Kelena cut them off. “We cannot let them burn the First Tree. We three are dangerous.”
“You keep saying -”
The martian gestured upwards. “Climb.”
“What?”
Kelena darting up a tree with long, grasping leaps as Isavel watched. It seemed like madness - never something she would have attempted on Earth - but the swordswoman’s fearlessness told her it was not the worst idea a martian could think of. “Hail, I think we’re climbing up a tree.”
Hail’s eyes darted up the sand-pale b
arks to the distant canopy. “I - okay. Sure. I can do that.”
Isavel gave her an encouraging slap on the shoulder. “Me first - I’ll shield.” She cast off the poncho to make better use of her pathfinder’s skin, and bounded up the tree herself, spreading a shield across her back that she tried to meld to her surroundings. Climbing was far easier than it would have been on Earth, and the threat of a fall felt less pressing; before long they broke canopy, skin and shield melded to the trees around her.
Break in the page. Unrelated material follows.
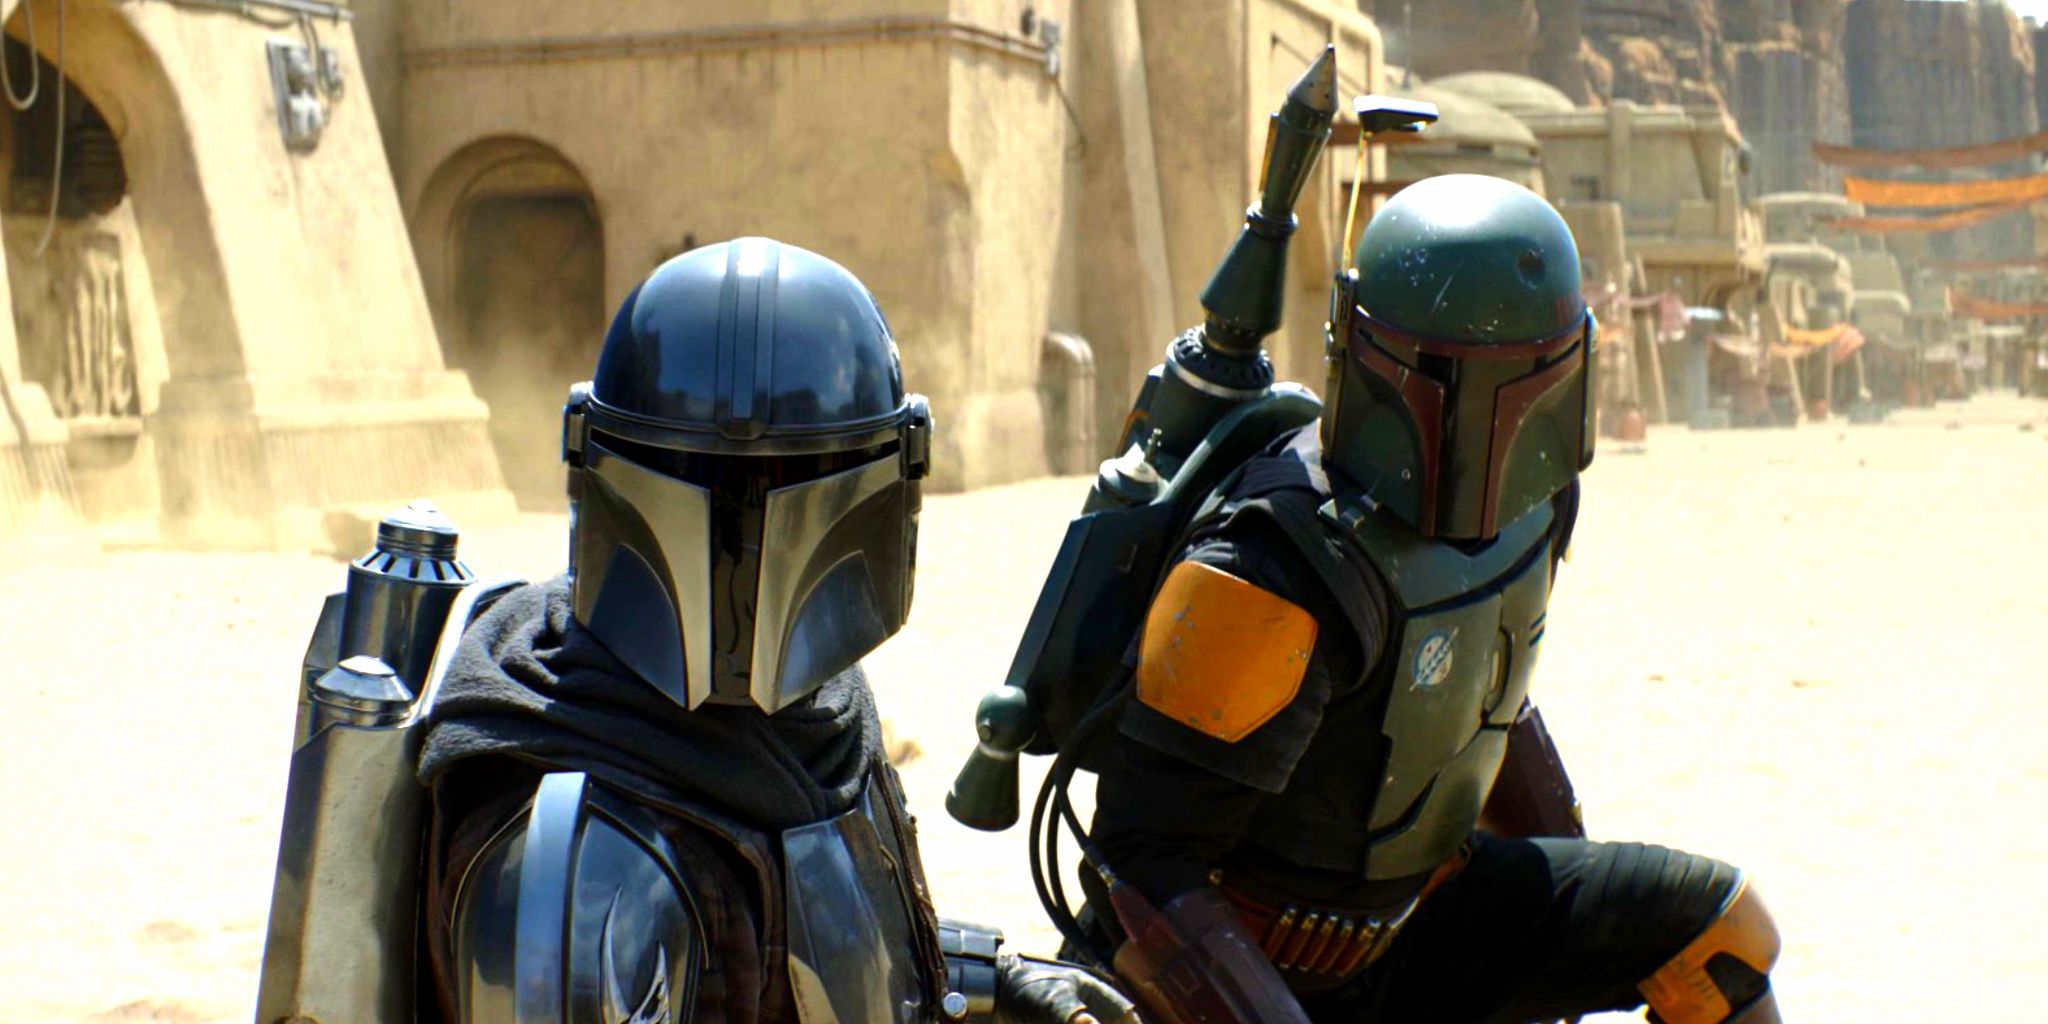 Din Djarin and Boba Fett face the Pykes in The Book of Boba Fett episode 7.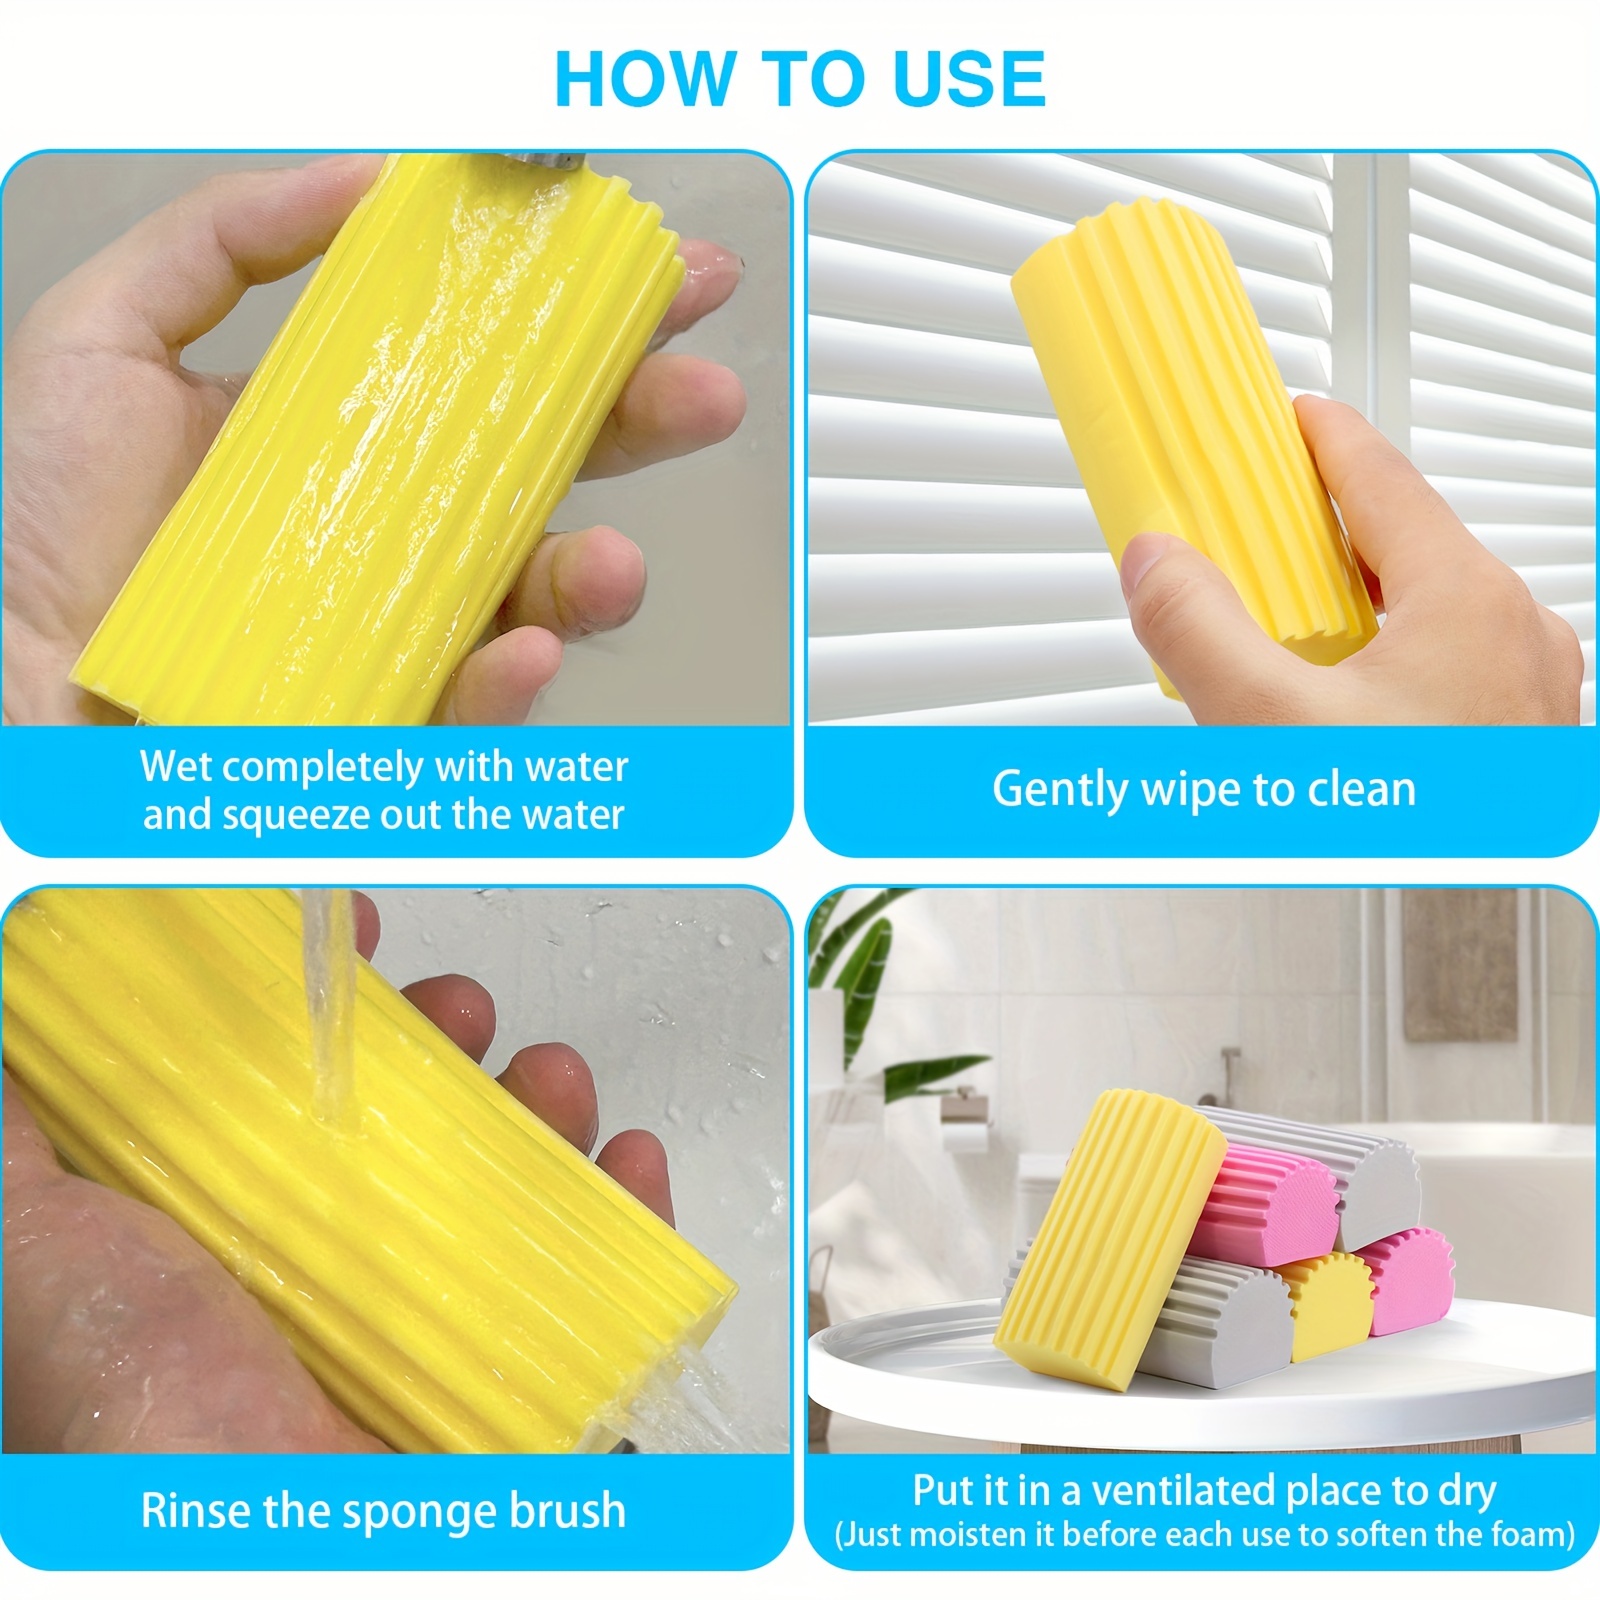 6-Pack Damp Clean Duster Sponge, Reusable Damp Duster Sponge for Cleaning Dishes, Blinds, Glass, Baseboards, Vents, Window Track Grooves & Faucets

The barges were circling in the distance, hovering so close that the ashen-indigo needles of the treetops rippled like water under wind.
“Hail - cover me!”
Hail started shooting, glittering hexagons zipping through the air at the barges and martians upon them. One of the smaller barges swung towards them, its movements heaving aside grasping pines with gusts of force, and starting firing back. Kelena jumped from the crown of her tree to the next in one great, easy leap, the treetop swinging wildly as she landed, and Isavel almost laughed at how absurd it looked. Then halfway through a swing Kelena jumped to the next, and suddenly Isavel needed to catch up.
Something, martians or drones or both, spotted her and fired, but the hunter in her knew where to dodge and skip, and the dragon mocked the pull of this world, so she too jumped to the next tree and clung on easily as a few needles were thrown loose by the sudden impact, drifting through featherlight Mars as though slowed in time.
Kelena advanced relentlessly, occasionally catching a shot on the blade itself - which remained oddly undamaged. The speed and prescience it allowed her was increasingly unsettling to Isavel, but at least her warrior’s shields were just as effective at warding off shots. Together, jump by jump, they closed on the incoming barge. Perhaps its crew imagined they would be easier to shoot up close.
“Isavel!” The swordswoman shouted at her, ducking behind a crown as the barge neared. “Together!”